It sounds counter-intuitive. Surely if you want people to buy more, you have to offer them more? Well actually, research has discovered that too much choice has the opposite effect.
Have you ever gone to a restaurant and looked at the menu and just felt overwhelmed at the amount of choice? Sometimes there are so many things that you like the sound of on the menu that you are worried about making the wrong decision! We have all experienced buyer’s remorse in a restaurant when a friend’s dish turns up and you wish you had ordered that.
However, a restaurant is an unusual scenario. For one, you are usually with other people (unless your first name is Billy or Norman) and you have pre-booked your seats. Therefore, in this captive audience scenario of a restaurant, it is unlikely that you will abstain from making a decision.
In lots of other buying situations though, it is proven that too much choice actually makes it less likely that someone will purchase. Imagine browsing online or within a shop and comparing lots of alternatives. Many of us would walk away safe in the knowledge that we hadn’t made the wrong decision…. simply because we avoided making a decision.
In a psychological experiment carried out in 2000, by researchers from Stanford University, a simple market stall was used as the basis for the research. On one regular day at the food market people would find a display table of 24 different kinds of jams. Similarly, at the same market on another regular day the same stall only presented a choice of 6 different jams.
Now, although the bigger display generated more interest, people were found far less likely to purchase a jar of jam than they would have from the smaller display. The results were not marginal either. The smaller display resulted in it being 10 times more likely that a purchase would be made.
Now let’s put this into the context of marketing. If you are spending marketing budget on attracting people to your stall, firstly you want to make sure you are talking to the right potential audience – in this case jam-eaters. Secondly you want to give yourself the best opportunity to maximise conversions from that audience into paying customers. If you spent £25 on attracting 250 people to you stall and one delivers you 15 sales at £1 profit per customer and one delivers you 150 sales at the same rate – then one loses money and one makes considerable profits!

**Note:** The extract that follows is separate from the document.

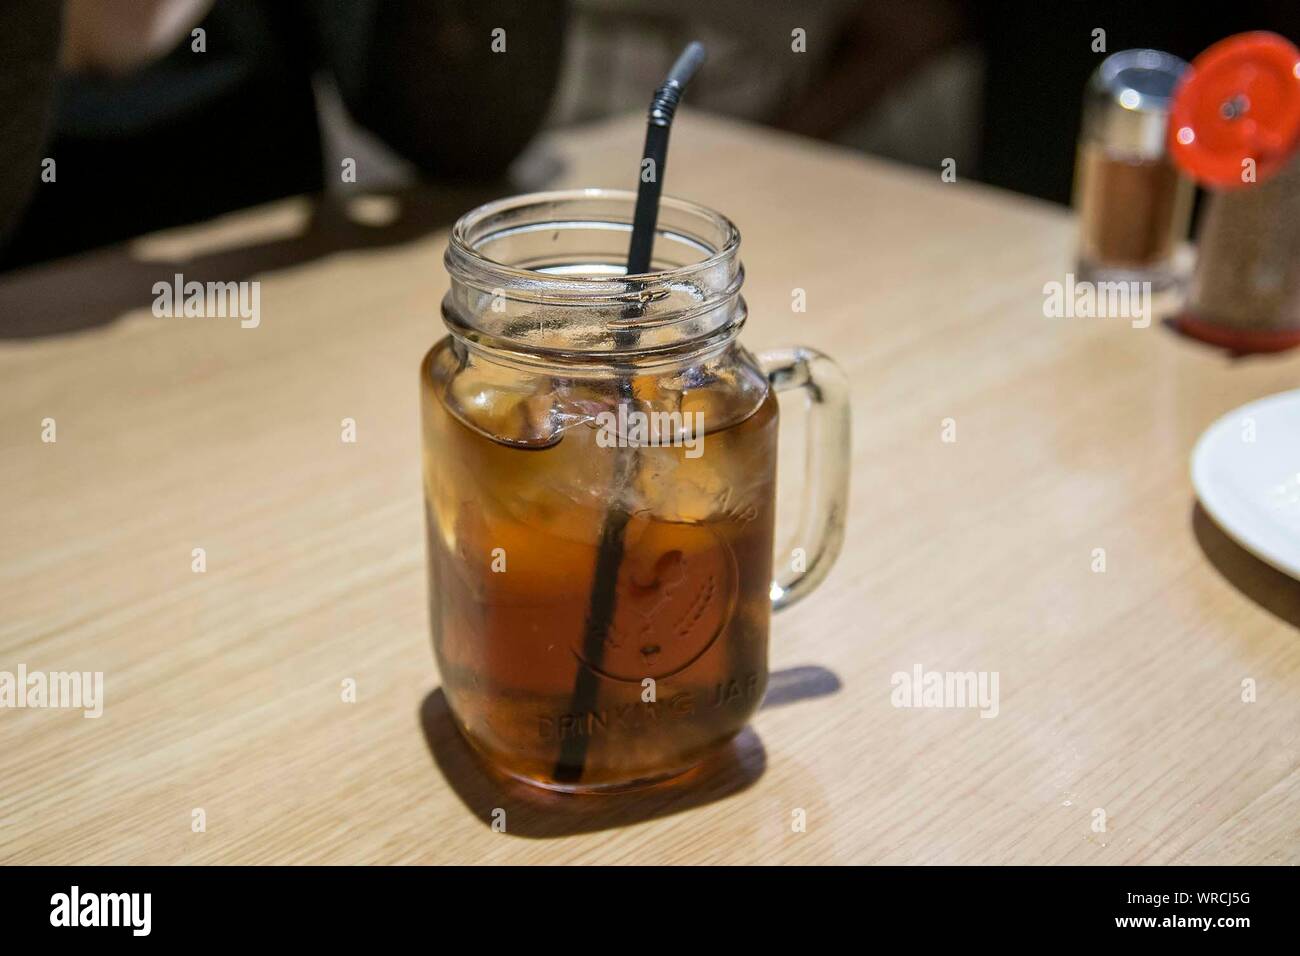 High Angle View Of Ice Tea With Lemon In Glass On Wooden Table Stock Photo

This isn’t all about foods and jams though. Similar exercises have taken place across other sectors such as clothing and the results have been the same!

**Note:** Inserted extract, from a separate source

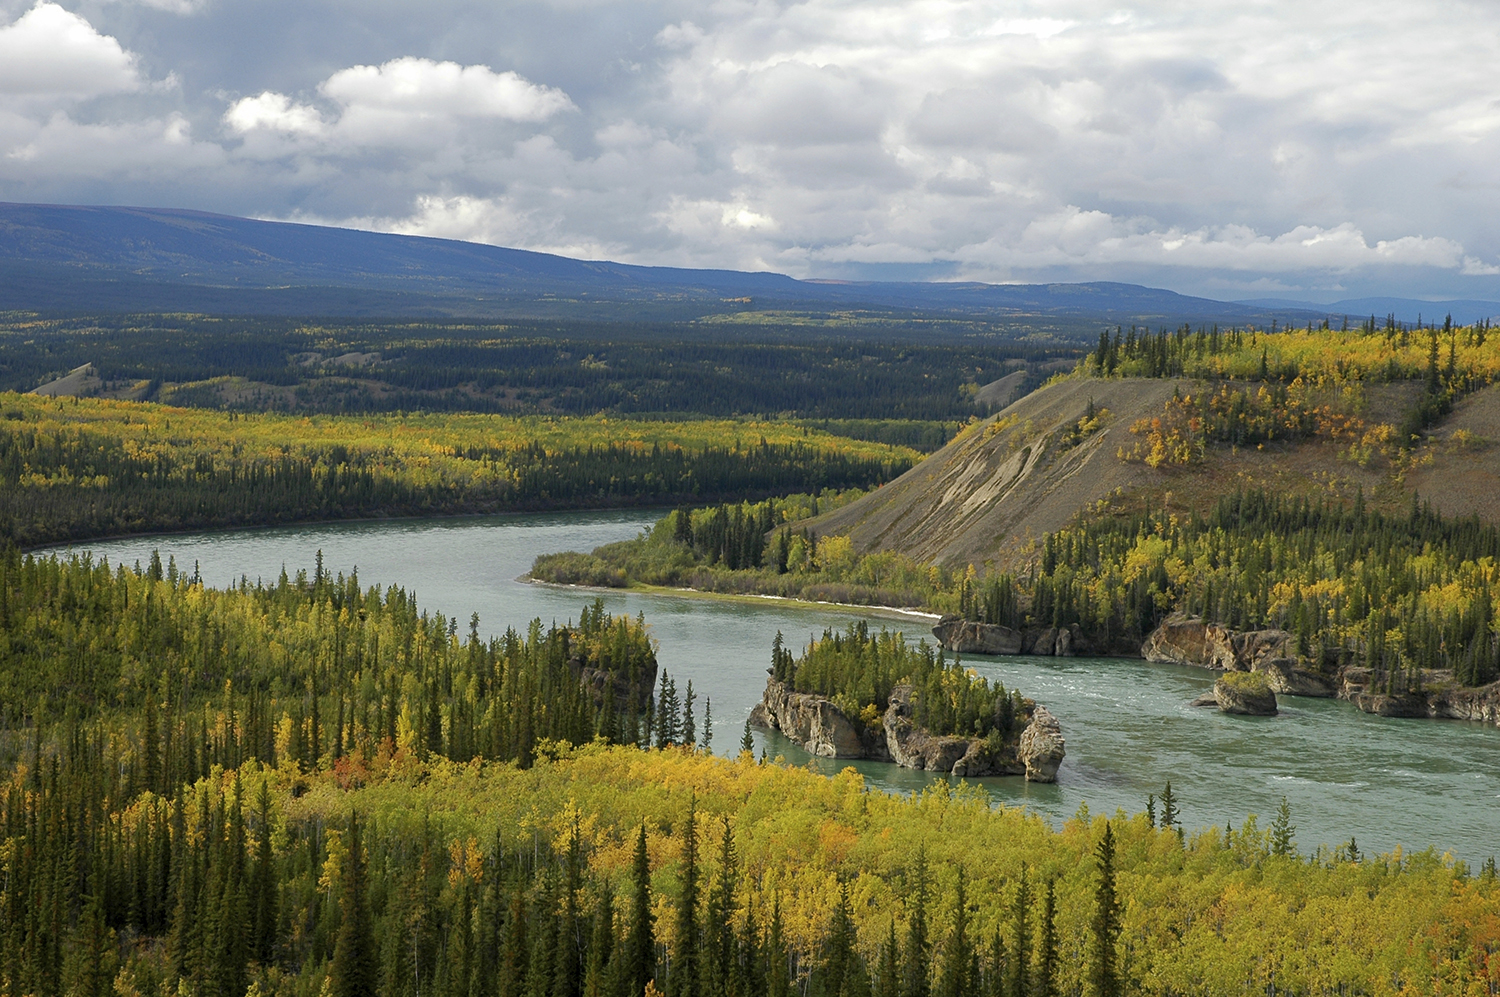 This Is Hardest General Knowledge Quiz You'll Ever Take, I Promise Yukon river

In 2015 the Journal of Consumer Psychology published an article which analysed a total of 99 ‘Choice Studies’ and specifically looked at those cases in which reducing choices helped to boost sales.
The four criteria they identified that motivated consumers to buy were:
1. When people want to make a quick and easy choice
2. When the product is complex (so fewer choices)
3. When it is difficult to compare alternatives
4. When consumers don’t have clear preferences.
So, think about your own business. Is your offering simple or are you over-complicating the purchase decision? How much competitive choice is there in your marketplace – is there anything you could do to make comparison difficult? Are you making buying process as quick and easy as possible?
So before you decide to add another service or product line to your offering consider whether it is really required. Don’t just consider the cost to the business of listing the new line, but consider the potential implications of it making the purchasing decision more complex.